Sunday, August 21, 2005

lol. Since I failed at finishing my month, I might as well post some of them here.

In the morning, we file down onto the astroturf and arrange in neat rows for flag-raising ceremony. We mumble through the national anthem, the pledge, groan through the announcements, and subsequently file back. We're a little weathered and a little jaded from the last nine years of this. It is meant to inspire pride and confidence; we are simply too tired, too accustomed to the morning calisthenics to twitch even an eyebrow. We are a cynical generation, wind-tossed, battered, white mice for each new experiment. We long for sincerity. No solutions will do, only something to fight for.


-adam

plz comment. Thanks. Any comment at all really, I'd just like to gauge response.

5 comments:

Derrick said...

The changes in tense broke the passage up very badly- from "we're" to "it is", etc. And I found the ending rather vague.

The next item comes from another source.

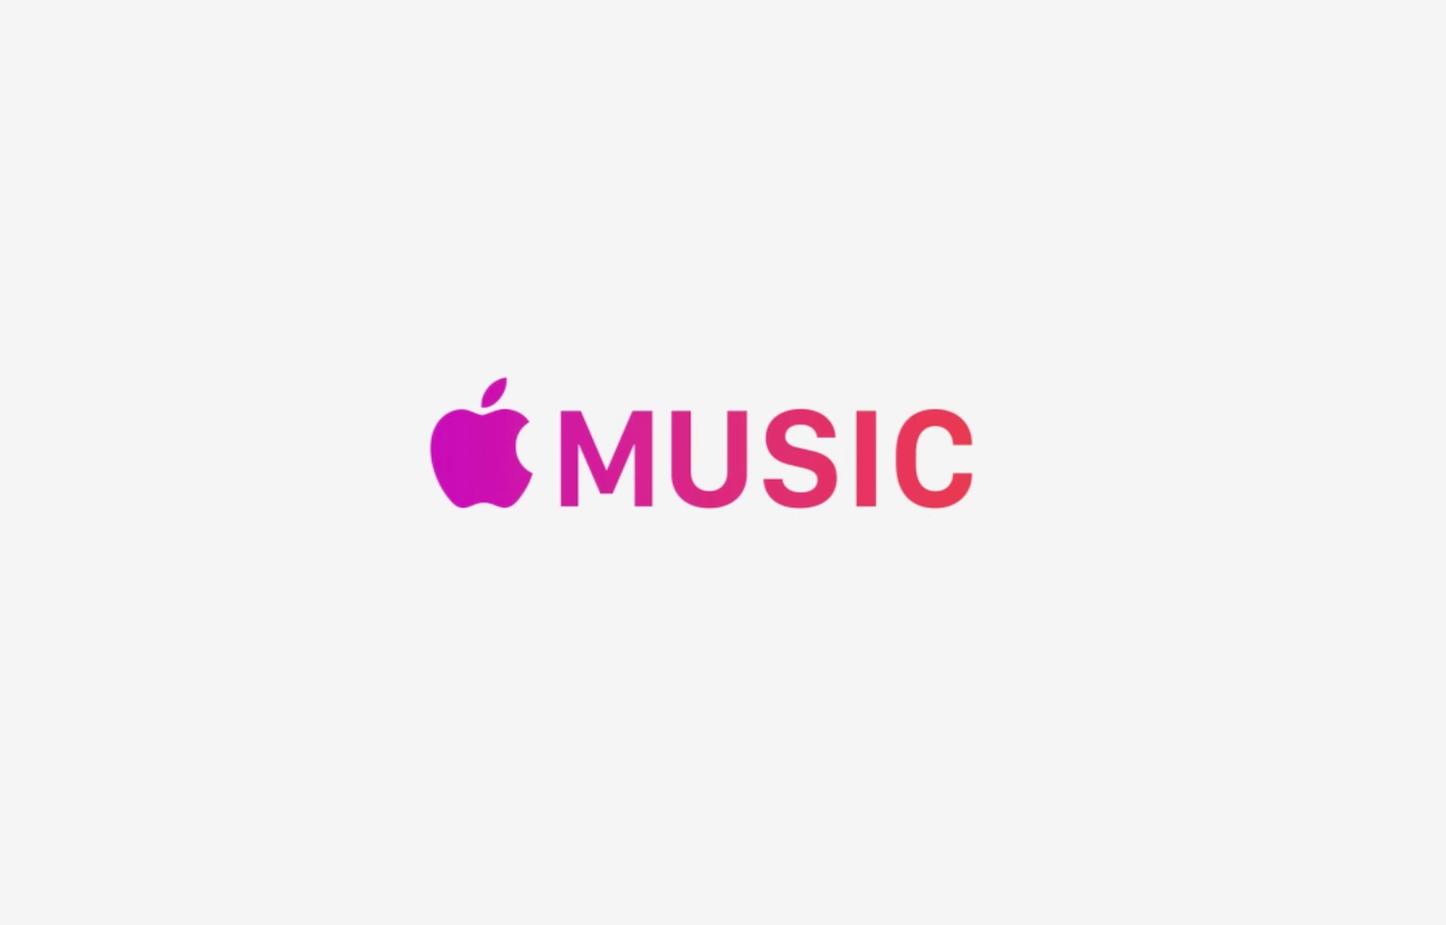 apple-music-logo-prvideo

I find the 100 words limit a little too restrictive, but oh well.

a adhiyatma said...

yeah, I get that. if i were to edit it i'd change it, but i'm not going to.

Unknown said...
This comment has been removed by a blog administrator.
Unknown said...

I think you've captured quite well what the spirit of this generation is. Zooming out from the details - the flag raising, the astroturf - is a nice technique. I especially like the "zooming out" technique because it makes the details look trivial. For Derrick's point, I do agree that the tense changes are a little unnerving but I think tense can be sacrificed for flow and spontaneouity (did I get that word right? Microsoft Word says it's wrong but they know nothing.) And the hundred-word limit - I think it's a great idea. This is a hundred word response too. :)

a adhiyatma said...

it's 'spontaneity'. And ... noooooooooooooooooooooooooooooooooooooooooooooooooooooo. yeah. ok. thanks.